The Canadian economy expanded by 0.4% in November. This was more than enough to offset the prior month’s upwardly revised 0.2% contraction (initially reported as -0.3%).
The goods-producing industries came back to life, expanding 0.9% during the month, led by mining and quarrying (+1.4%), manufacturing (+1.4%), and construction (+1.1%), all of which rebounded from their October contractions. Within the manufacturing sector, gains were fairly widespread, with output rising by more than 3% on the month in a number of industries, including electrical equipment, chemicals, petroleum and coal products, and machinery manufacturing. Transportation equipment manufacturing fell for a third consecutive month (-0.6%), with the ‘miscellaneous’ category leading the way lower (-5.4%).
On the service-producing side of the economy, it was a generally positive story, as output rose 0.2% in November. Leading the way was finance and insurance (+1.5%; its largest gain in nearly two years), while healthy gains were also recorded in the retail trade (+0.7%), management (+0.4%), and transportation (+0.4%) sectors.
Canadians were busy in November, resulting in one of the healthiest monthly GDP reports in recent memory. Gains were fairly widespread, with manufacturing nearly reversing the previous month’s losses, while the service side of the economy saw continued growth (although historic revisions undid what was shaping up to be a 15 month expansion streak). The healthy November GDP figures add to the evidence that the Canadian economy continues to shake off some of the setbacks earlier in the year.

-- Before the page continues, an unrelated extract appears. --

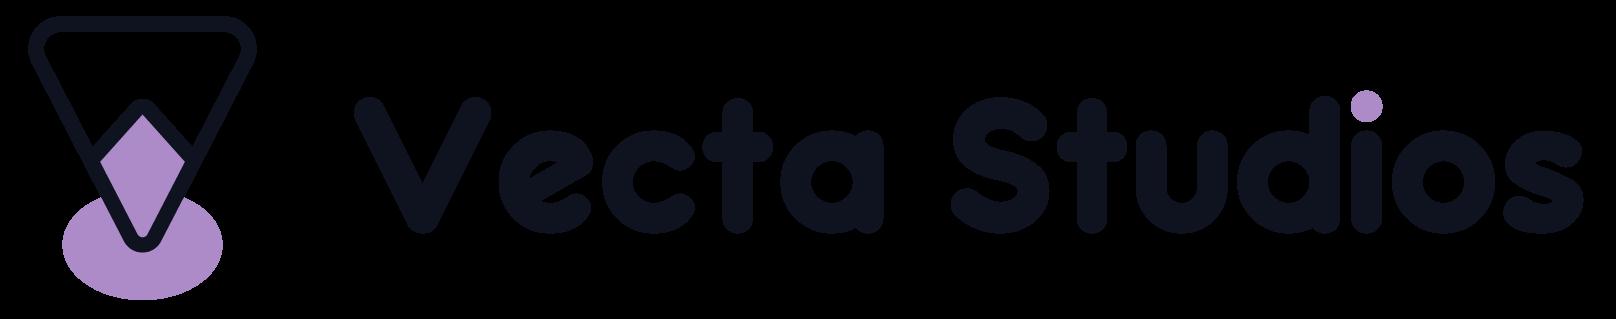 Vecta Studios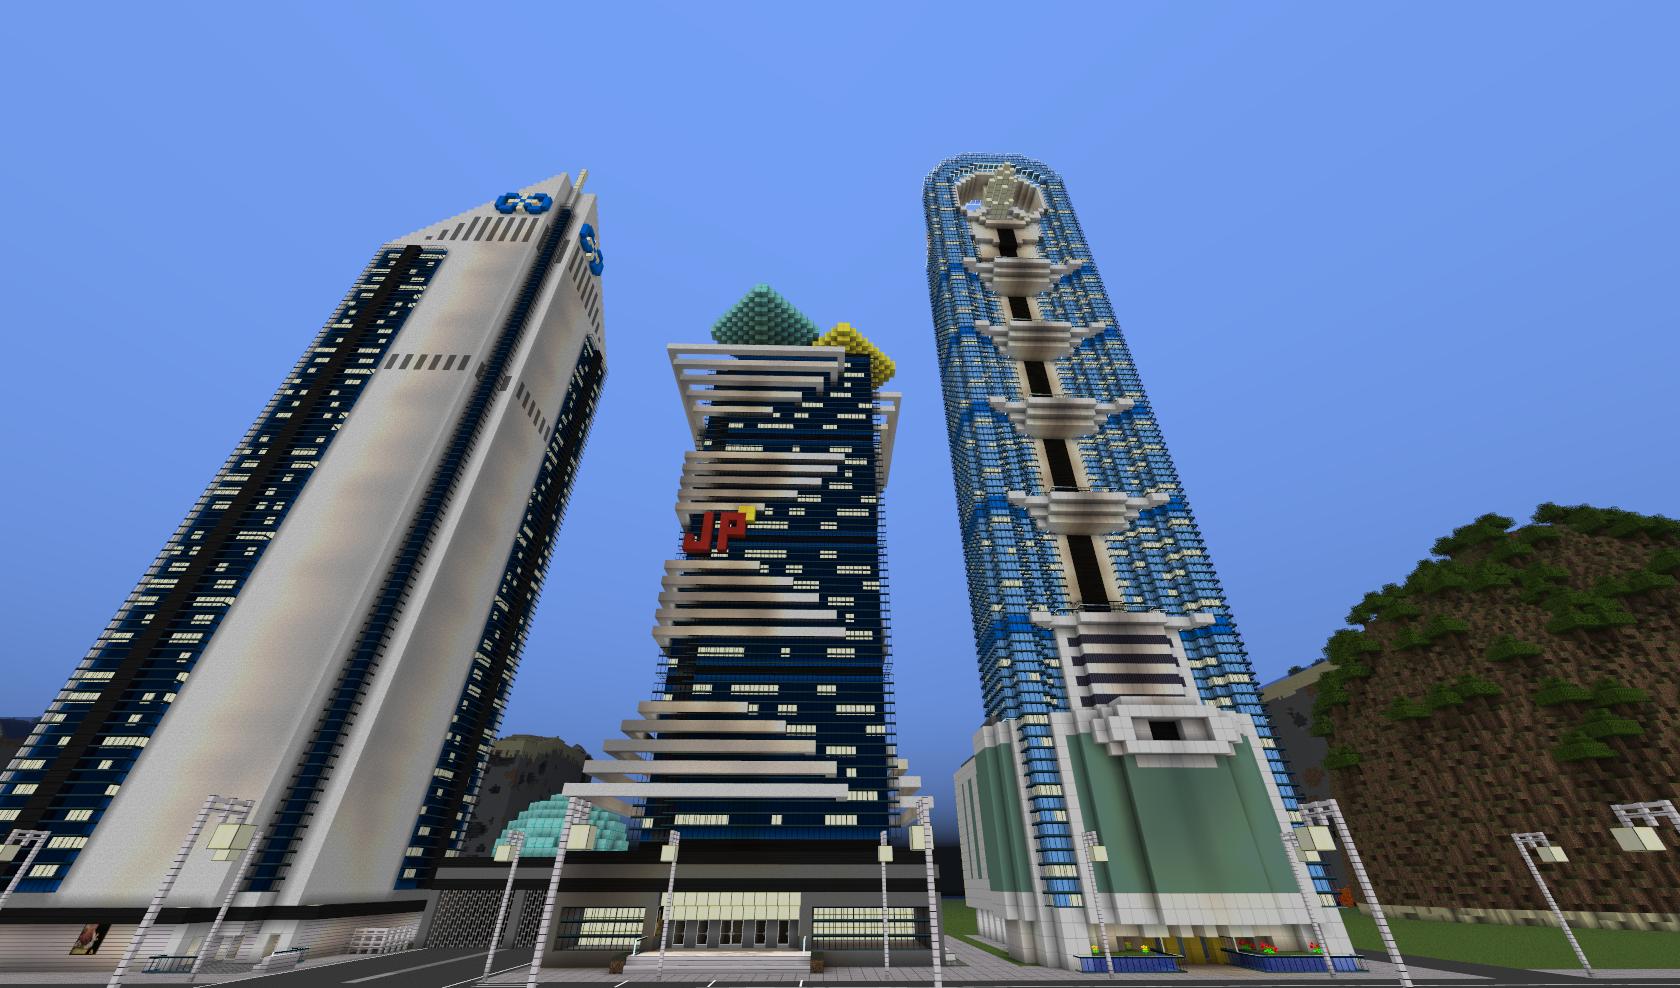 Map-ville-newcraft-vecter-city-minecraft-building

For the Bank of Canada, the November GDP figures are not likely to move the needle very much. Growth in the fourth quarter of 2016 is likely to come in ahead of the Bank’s expectations of 1.5%, but a significant amount of economic slack will nevertheless remain. As such, the Bank of Canada will probably be happy to leave its policy interest rate at 0.50% well into the future, helping to support the ongoing absorption of the remaining slack.